Can Neil Entwistle Receive a Fair Trial?
Outside the Framingham District Court following his client’s arraignment for two counts of 1st degree murder, Elliot Weinstein intoned, “I don’t know that Mr. Entwistle will ever be able to get a fair trial on these charges. I am certain that anybody watching this telecast or reading the reporting of today’s arraignment has already formed an opinion with respect to Mr. Entwistle’s guilt. … And that opinion is based on absolutely no facts and absolutely no evidence, and that is quite unfortunate.”
In their rush to cover the next big case, the media have reported every available detail of the police investigation into the slayings of Rachel and Lillian Entwistle. The media coverage has been overwhelming. And while most reporters remember to include the word “allegedly” where necessary, the drumbeat of “guilty, guilty, guilty” is barely concealed. No Massachusetts citizen, the semi-conscious included, has escaped the onslaught of reporting.
Was Weinstein right? Is the system incapable of providing Entwistle with twelve impartial jurors? Is there any way to verify that these jurors are untainted by the media swirl, free of bias, and unmotivated by dreams of cashing in on a book deal? The answer is no. Massachusetts courts are notoriously hostile to efforts by either the defense or the prosecution to test the biases of potential jurors or their understanding of the fundamental constitutional underpinnings of a criminal trial, such as the presumption of innocence, the burden of proof, the accused’s Fifth Amendment Right not to incriminate himself, and standard by which to judge the government’s evidence, proof beyond a reasonable doubt.
In most states, defense counsel and the prosecutor are permitted to voir dire the jury pool – directly question potential jurors about their biases, their understanding of the trial mechanics and their willingness to apply the appropriate standard to the evidence. Through their voir dire, Defense counsel and prosecutor educate them on the roles of the attorneys, the jury’s role as fact finders and the judge’s role as the trial’s referee. Because it allows the lawyers a give-and-take session with the potential jurors, voir dire is a tremendous tool for ferreting out potential jurors who have already made up their minds, are eager for some vigilante justice, or motivated by mythical book deals.
In Massachusetts, voir dire is not a tool, but a hoax. Like an apparition, it only gives the appearance of substance. Our “voir dire” amounts to no more than the defense lawyer, and maybe the prosecutor, formally submitting maybe 10 or 20 questions for the judge to ask the jury pool.
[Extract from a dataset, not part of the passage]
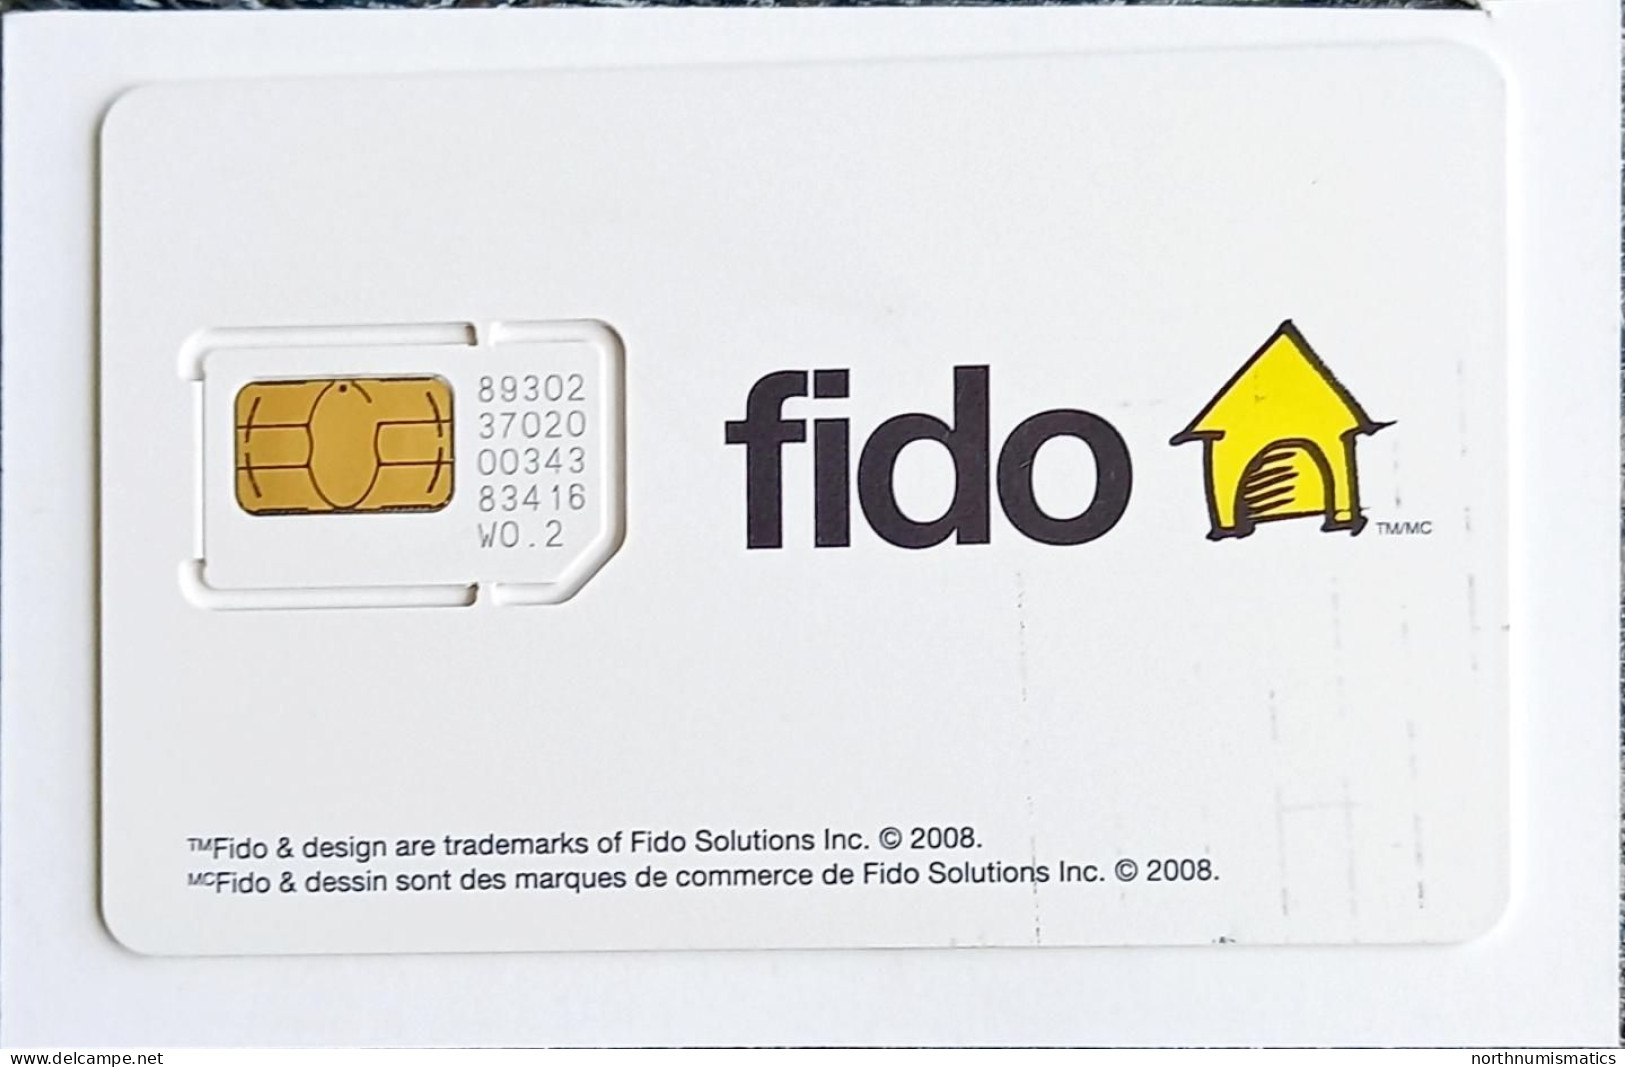 Canada Fido Gsm Original Chip Sim Card - Verzamelingen

The judge skims the questions, and if he feels like it, asks the jury pool maybe three or four of them. A conscientious judge will put these questions to the potential juror at sidebar, somewhat out of the hearing of people crowding the courtroom. With the judge standing, and elevated, before the potential juror, a prosecutor over one shoulder and defense counsel over the other, a couple of court officers in nice pressed white shirts a few feet away, a grimacing clerk, and a court reporter taking down his every word, it’s not an environment that promotes a free easy exchange between the citizen and those who seek to know their minds.
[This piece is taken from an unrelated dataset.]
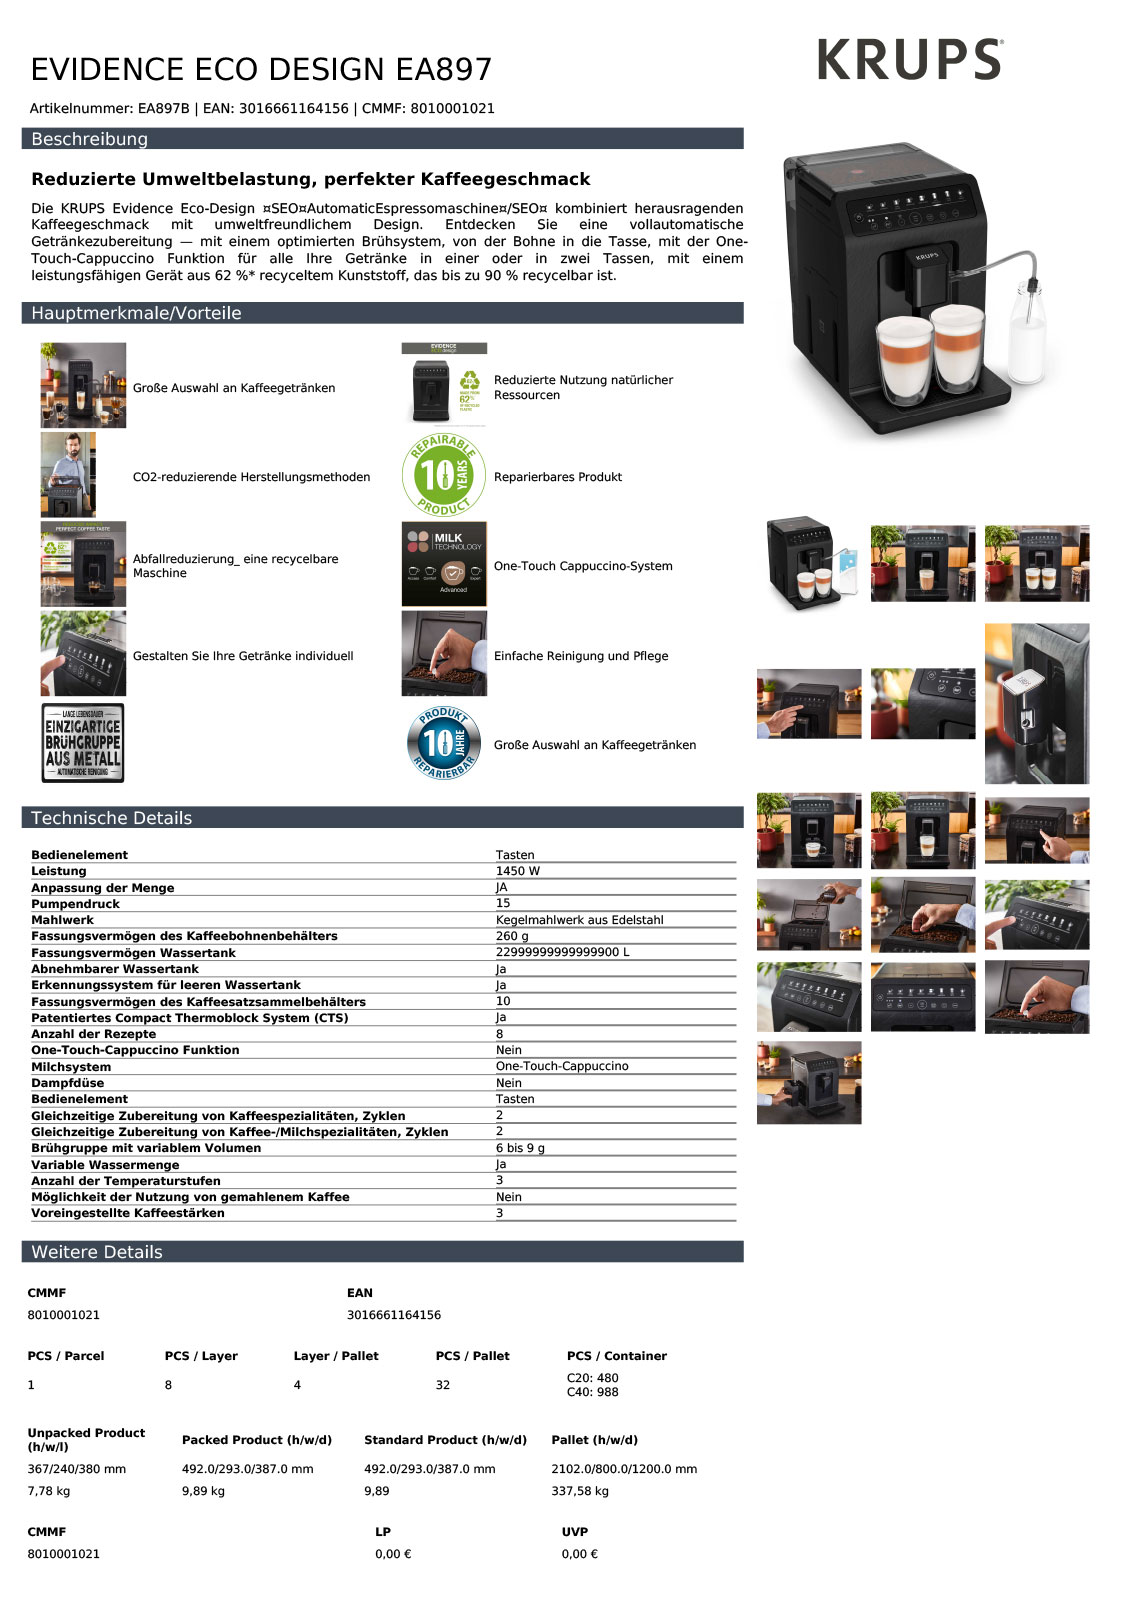 Datenblatt Evidence ECOdesign Kaffeevollautomat von Krups

In Entwistle’s case, potential jurors who admit that they’ve been marinating in cesspool of negative media coverage and harbor a suspicion that the accused is guilty are shown the door. Those who claim they’ve read or heard little about the case and harbor no such suspicion and say they will keep an open mind throughout the trial take a seat in the jury box. While defense counsel and the prosecutor can still exercise a peremptory challenge on the would-be jurors, they are acting on limited information. The prosecutor will strike those jurors who look like they held up a convenience store on the way to court and defense counsel will strike those who seem like they’d like to make a citizen’s arrest.
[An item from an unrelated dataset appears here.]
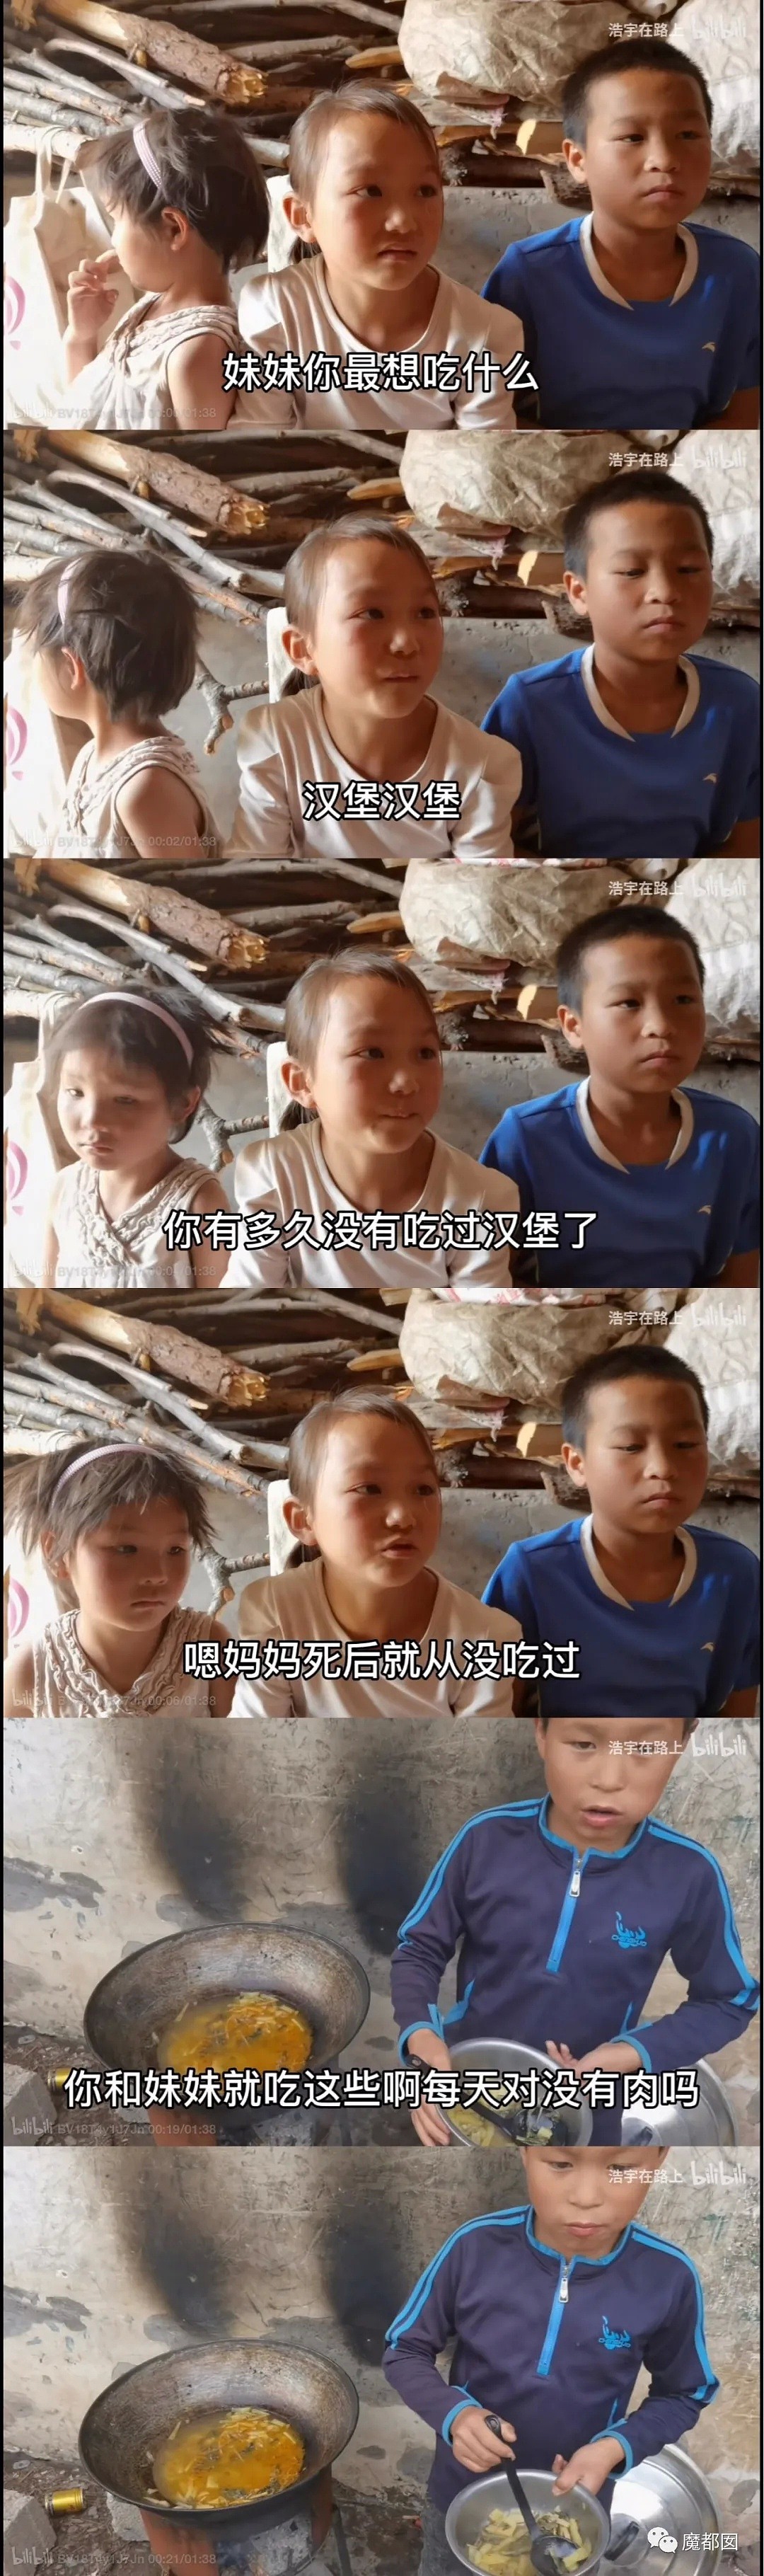 散装卫生巾热议！时至今日中国仍有忍受摩阴疼痛用草纸垫的女性（组图） - 72

And these jurors, with their personal histories, undisclosed prejudices, intellectual habits, and pre-existing knowledge of the accusations will, at the end of the trial, be sent to the deliberating room to ruminate on Entwistle’s fate. Whether after a two month long trial these jurors can distinguish between what they read or heard, separate their long stoked feelings about the murders from their obligation to impartially evaluate the government’s case, or whether they even give a shit about the standard of proof, we’ll never know.